再低头时,银针上的火星已灭,此时正散发着薄薄的烟雾……
第481章 以血为媒
“师父……”顾印看着祖师爷画像,似乎不敢相信师父竟然没有请出祖师爷。
季年看着罗汉床上苏醒不多久,却又再度陷入昏迷的柒柒,心中百感交集却不知从何说出。
“臭丫头,这就是你不想作弊的代价。”
“连祖师爷都看不惯你的迂腐样子了,为师看你怎么办!”
沉默了许久,季年愤愤不平的朝着柒柒低骂了两句。
虽说是骂,但任谁都能听出他语气中的痛心。
“师父,柒柒现在……”
顾印上前一步走到季年面前,本想自荐化蛊之血。
但话还没说完,他就忽然脸色煞白。
——“噗!”
季年根本还没来得及反应,就被顾印直接喷了一脸的血。
“三师弟!”
“三师兄!”
“三个锤子啊!为师的新袍子啊!”
——
众师兄弟把顾印抬到床上,季年也顾不得伤心袍子,顶着一张鲜血淋漓的脸就上前为顾印诊脉施针。
“气血亏损严重,毒气蔓延五脏六腑……”
季年声音极轻,其中还带着震惊。
他眉头拧得像一股绳,看着床上毫无生气的顾印,心里一下又一下的打着鼓。
“这……”
“以血为媒,嫁蛊再生。”
季年双拳紧握,这会儿再也没心情说笑。
“到底是什么人……”季年脑中过了千千万万张脸,但却想不到半个可疑之人。
柒柒的小师兄桑宴很少接触蛊学,这会儿见师父这么伤神,他轻轻拉了拉身旁鹿山的袖子,压低声音问道:“二师兄,什么叫以血为媒嫁蛊再生?”
鹿山紧咬后槽牙隐忍怒火,稍稍平静后才对桑宴解释道:“柒柒中的化魂蛊中另带护蛊虫,只要有人在柒柒身上用化蛊之血,护蛊虫便会触动,并嗅着血液进入那人的体内。”
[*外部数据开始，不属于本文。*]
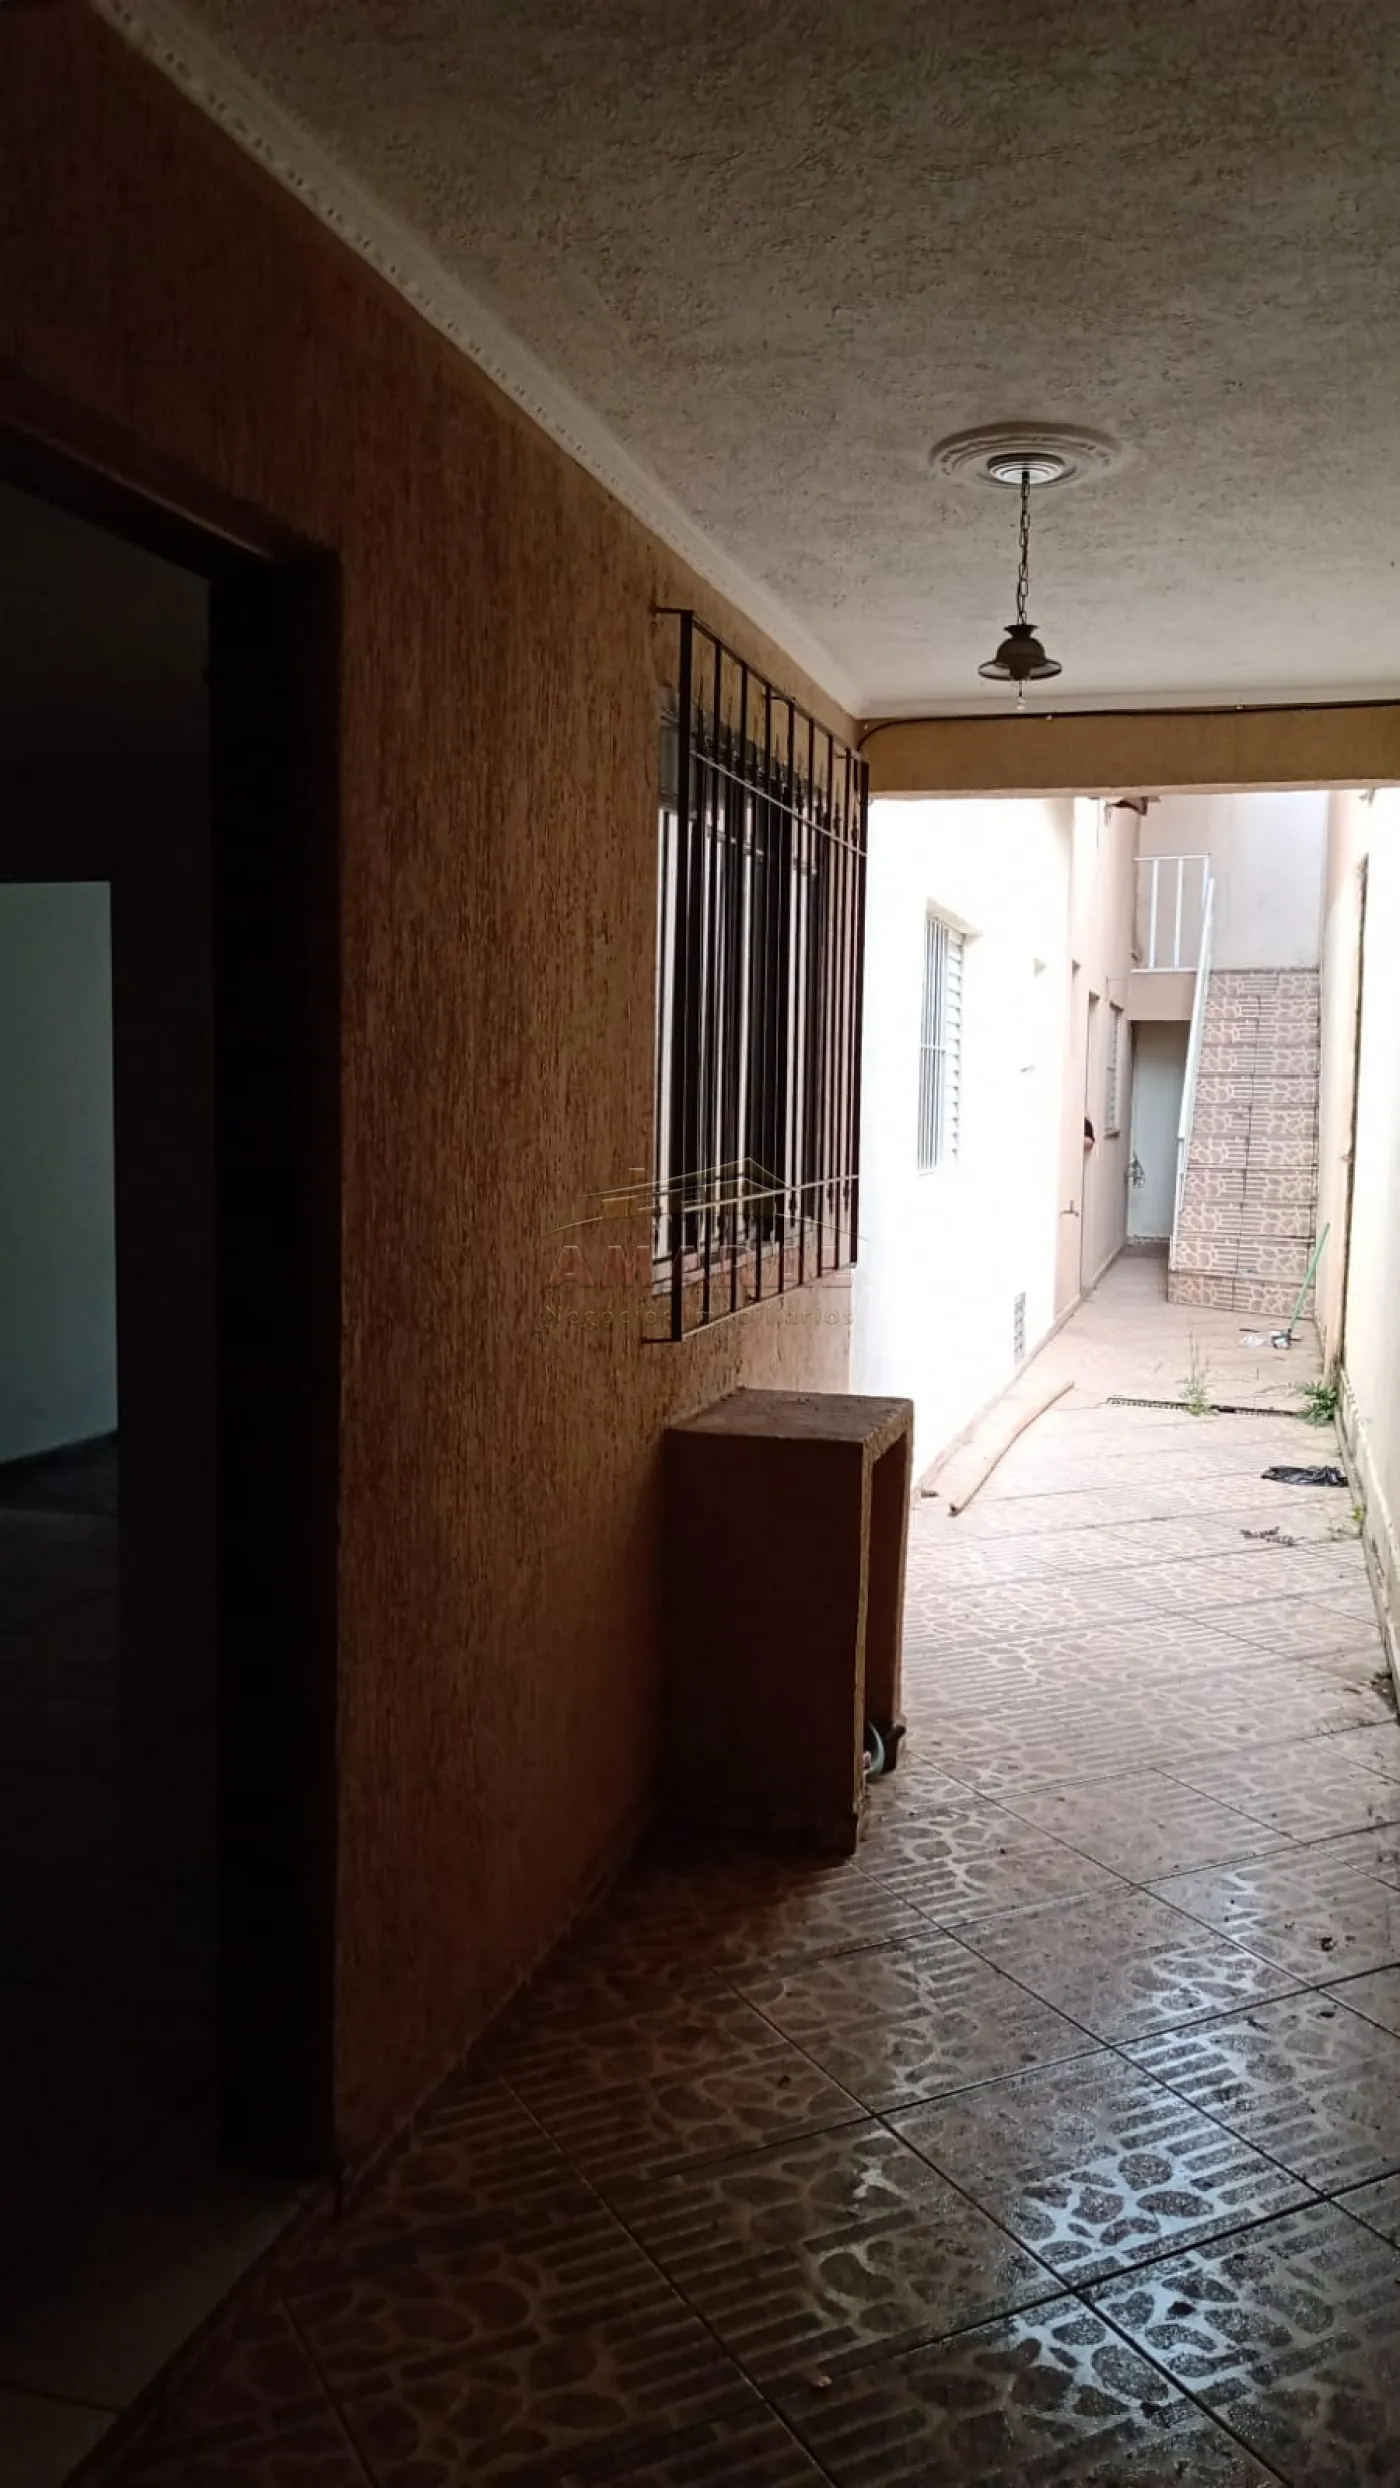 Comprar Casas / Térrea em Poá R$ 320.000,00 - Foto 6

“顾印虽说只为柒柒用过一次血就被师父叫停,但护蛊虫也进入了他体内。”
“化蛊虫以血为媒,嫁接到顾印身上变成另一种更恶毒的蛊毒。”
“顾印不仅不能救柒柒,还因为护蛊虫的残害……没了身上那可解百毒化百蛊的血液……”
“他……可能还会比柒柒先死……”
鹿山的话让桑宴险些站不稳,虽说除了二师兄,其他所有师兄包括自己都有死劫。
但桑宴感觉,只要有师父在,什么都不是问题。
可如今就连师父都这么伤神了……
“师父!柒柒的命理看不到,是不是可以看看三师兄的命理,或许在他身上能发现些什么呢?”
“这样我们找到幕后之人,就可以救三师兄和柒柒了。”
桑宴期待的看着季年,感觉心中像是被什么东西紧紧地揪住,疼痛难忍。
“你自己看看你三师兄脸上,除了死气还有什么?”
“凭这一团死气,去哪里找幕后之人?去哪里解蛊?”
“找阎王爷还差不多……”
季年声音低沉无力,说完便转身离开,一头扎进了禅房旁的书阁中寻找徒儿的生机。
桑宴闻言,心中顿时感到一片冰冷。
他无法想象,师兄师妹竟然会遇到这样的事情。
“那我们现在怎么办?”桑宴的声音中带着一丝颤抖。
“等。”一直未说话的大师兄席冕淡淡吐出一个字。
桑宴急得原地转圈,不知道为什么火烧眉毛了,大师兄还能这么淡定。
“等什么啊大师兄?现在不是等死呢吗?”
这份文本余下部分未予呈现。